Solved with Om245. An exercise in harmonics! Just to be complete we prove both directions but they are exactly the same. Forward implication ( $\angle BAX=\angle MAC$) : It is not hard to see that this angle condition simply says that $X$ lies on the $A-$symmedian.
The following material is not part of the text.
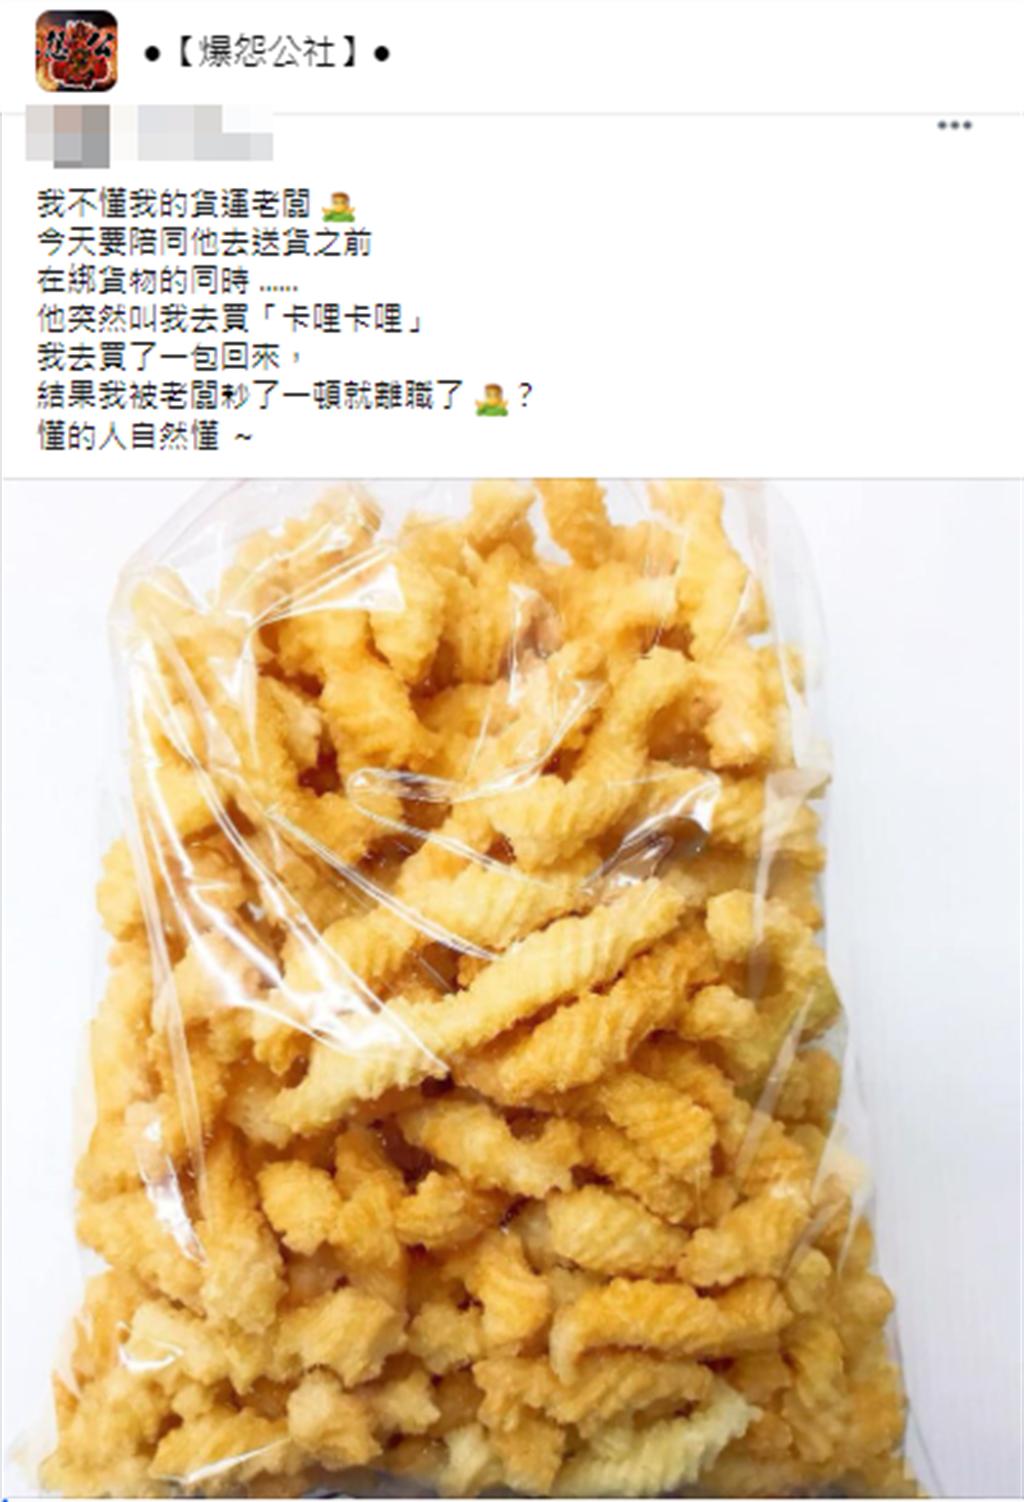 一名網友誤以為老闆要買名為卡哩卡哩的一種古早味餅乾。(圖翻攝自FB/爆怨公社)

Let the second intersection of the $A-$symmedian and $(ABC)$ be $R$. Further, let the intersection of lines $\overline{YZ}$ and $\overline{BC}$ be $T$. Then, we know that $(AR;BC)=-1$. But, we also know that, \[-1=(TX;BC)\overset{A}{=}(A'R;BC)\]where $A'$ is the second intersection of line $\overline{AT}$ with $(ABC)$. Combining this with the previous observation it follows that $AT$ must be a tangent to $(ABC)$. Now, notice that this implies, \[\measuredangle DAT = \measuredangle DAB + \measuredangle BAT = \measuredangle CAD + \measuredangle BCA = \measuredangle BDA = \measuredangle TDA\]from which it follows that $\triangle TAD$ is isosceles. But, it is clear that $YZ$ is the $T$-altitude of this triangle since it is well known that $YZ$ is perpendicular to the $A$-angle bisector. Since the altitude between the two equal sides of an isosceles triangle is also a perpendicular bisector, it follows that $\overline{YZ}$ bisects $AD$ as desired. Reverse Implication ($YZ$ passes through the midpoint of $AD$. ) Proof : It is clear that now, in addition to being the $T$-altitude, $YZ$ is also the perpendicular bisector of $AD$. Thus, $T$ is equidistant to points $A$ and $D$ which implies, \[\measuredangle BAT = \measuredangle DAT + \measuredangle BAD = \measuredangle TDA + \measuredangle BAD = \measuredangle BDA + \measuredangle DAC = \measuredangle DCA = \measuredangle BCA\]from which it follows that $AT$ is a tangent to $(ABC)$. Now, since we know that, \[-1=(TX;BC) \overset{A}{=}(AR;BC)\]from which it is clear that $X$ lies on the $A$-symmedian as desired.